Hervé Souhaut Sainte Epine 2020
I almost bought another bottle of this a few weeks ago and glad I didn’t – it’s not worth the dollars. The good bits lie in the Saint Joseph medium bodied charisma, in a juicy, skinsy, pulpy style with no oak and no artifice, all purple fruit with tilled earth and black pepper. Syrah? Oh yeah. It doesn’t linger though, the earthen red fruited flavours sort of slithers off. It’s a fresh young Syrah, but looking for something more doesn’t deliver much. It’s been a while between Souhaut releases for me, and I was expecting more wild profundity, not a safe bet/approachable red. Lovely purity bumps it to a silver medal, but this doesn’t hit a third gear to justify the price and hype. Canberra or the Yarra does better, for much less $$$. Oh and the label says 13% but I swear it’s more than that too – 14% for sure. 17.5/20, 91/100. 13%, $150.
Pierro LTC 2021
This was once a market leader. Now? The world has changed, and this wine sits in nostalgia territory. Hard to tell where the character of this Sauvignon Blanc Chardonnay blend sits. The Sauv fruit looks ripe and pineappley and yet resinous. The palate too is grippy and bland and undefined. What is it? There is palate intensity here, but the wooly, lumpy palate helps no one. Yeah, no. 16.3/20, 87/100. 13.5%, $32
5 Comments
Great reviews Andrew – thanks for sharing.
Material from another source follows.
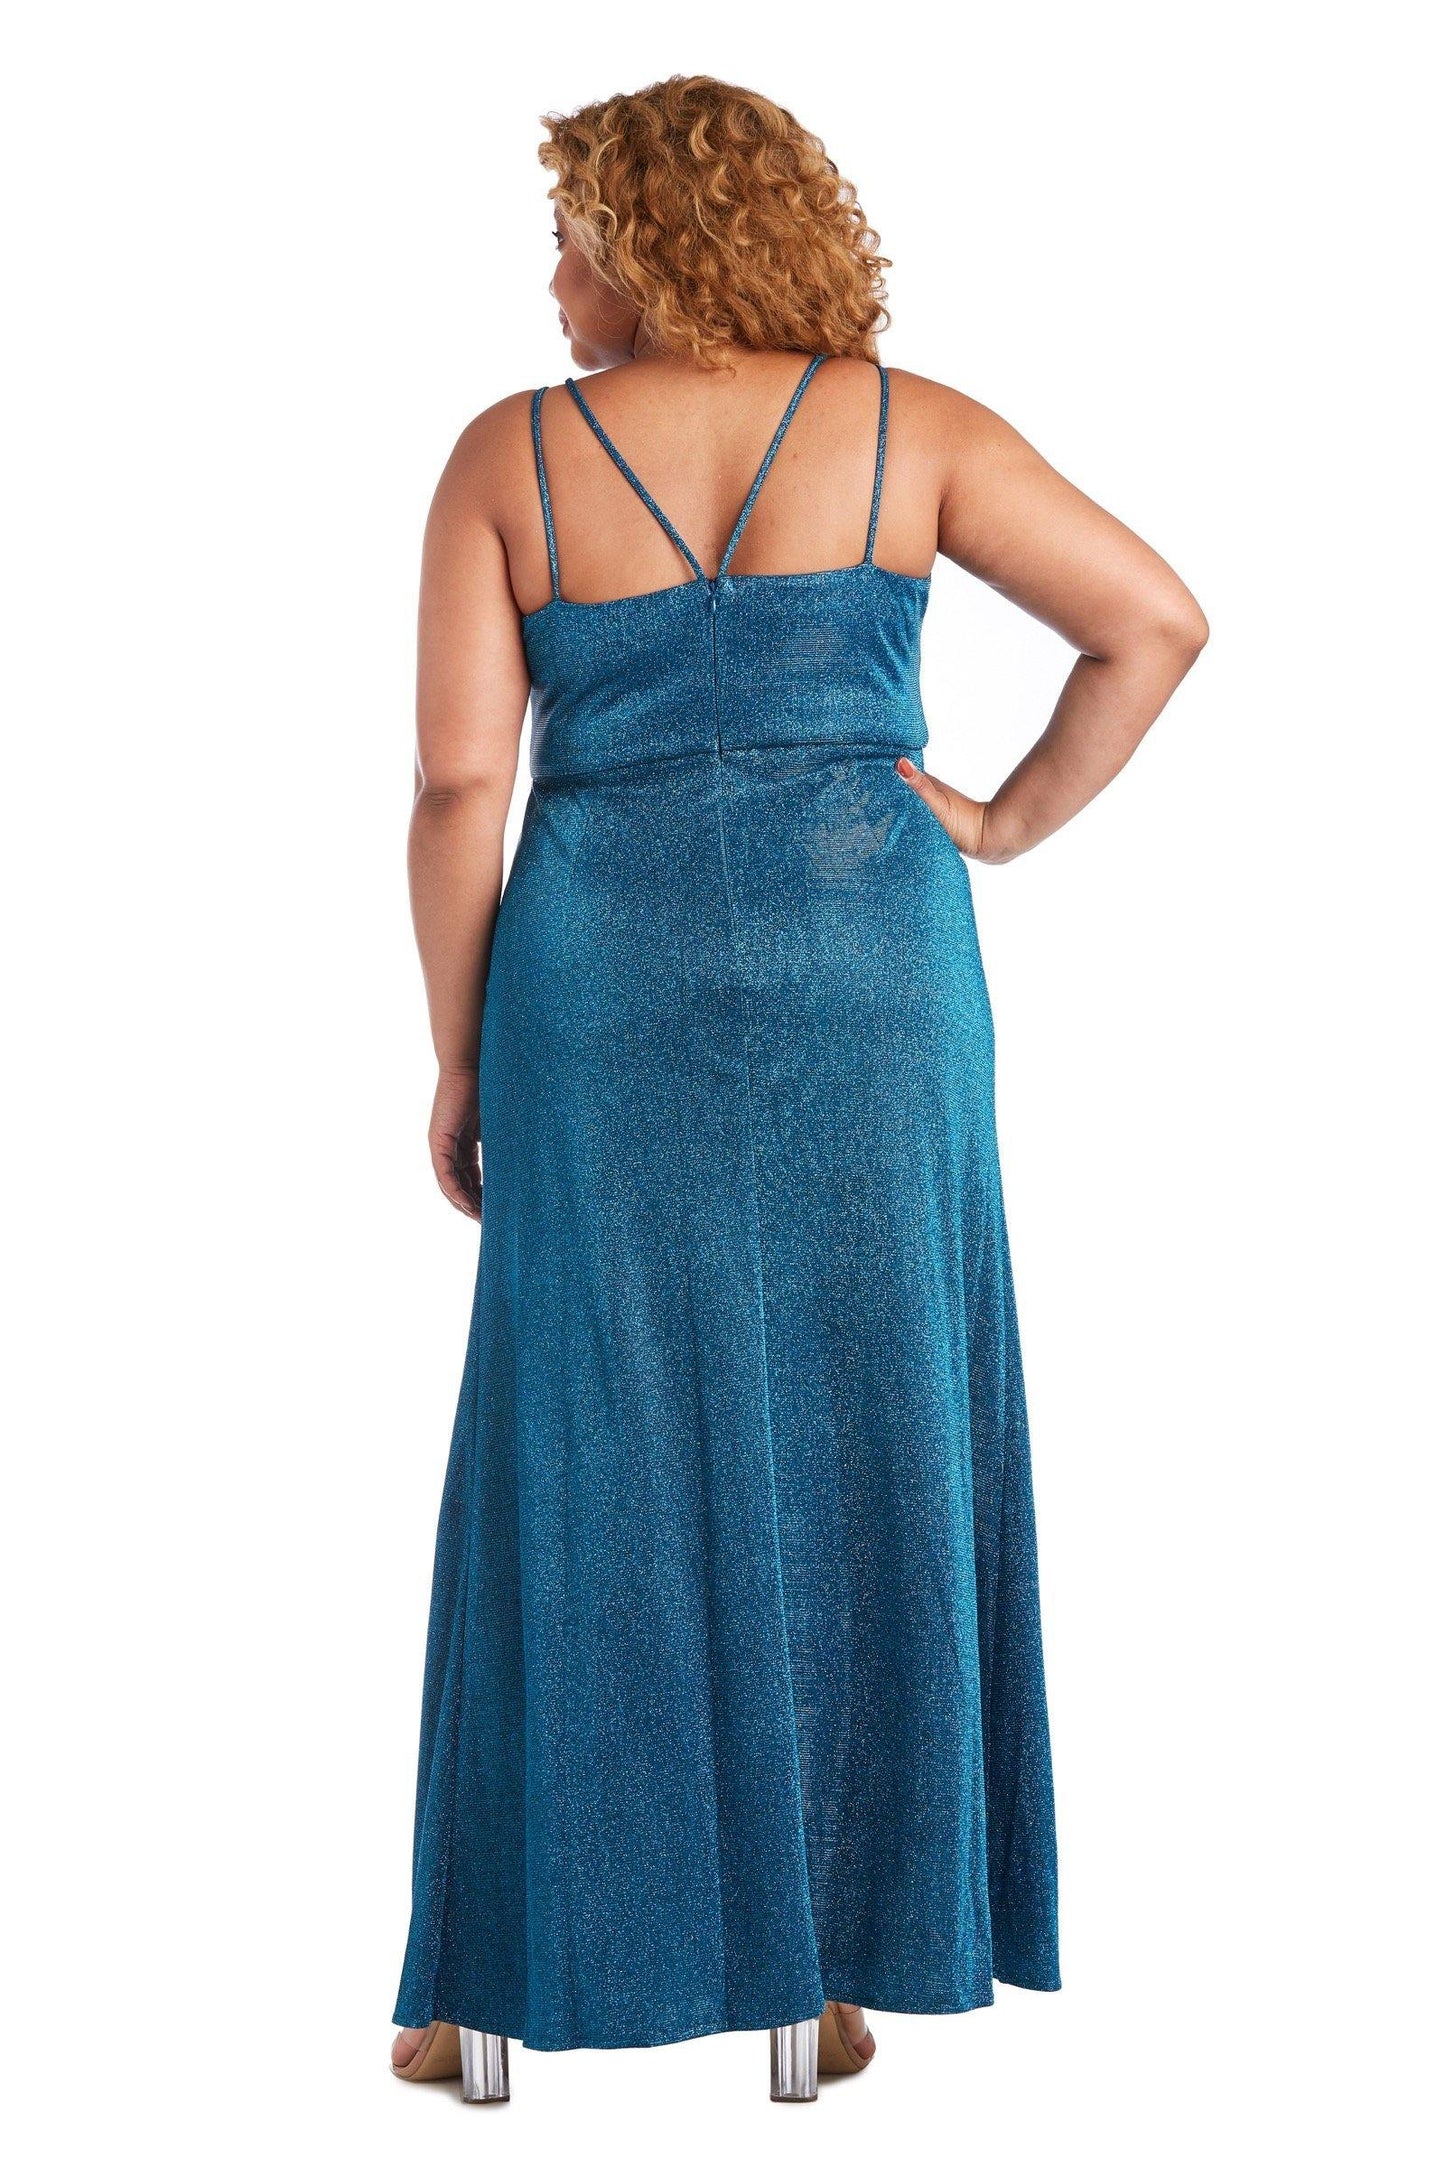 Morgan & Co Plus Size Long Metallic Dress 12841WM - The Dress Outlet

I visited Pierro recently and found the wines (including the Fire Gully range) to be extremely disappointing (both the Chardonnay and the flagship Cab were both sold out so I didn’t taste them).
Agree with your views on the LTC. Miles off the standard that I recall vintages from the early 2000’s were at.
Yeah I’m not sure what is happening at Pierro.
Interesting notes and a bit jealous given the weather down here!
If you haven’t tried the Hughes & Hughes Pinot Noir ’21 is also delightful. Mirror to your Chardonnay remarks on the sheer deliciousness front. Enjoyed at a business lunch last week and definitely worth a go.
Weinbach Riesling ‘Schlossberg’ is a lovely wine (the last one I had was a 2011) but charging $180 a bottle is nothing more than grand larceny considering what it sells for elsewhere. Really shocking.
Welcome to Australian pricing. It’s why I normally fill my suitcase in Europe every year. It’s now been 3 years since my last Euro visit, and local pricing is all I have. The 2020 release is selling for $220!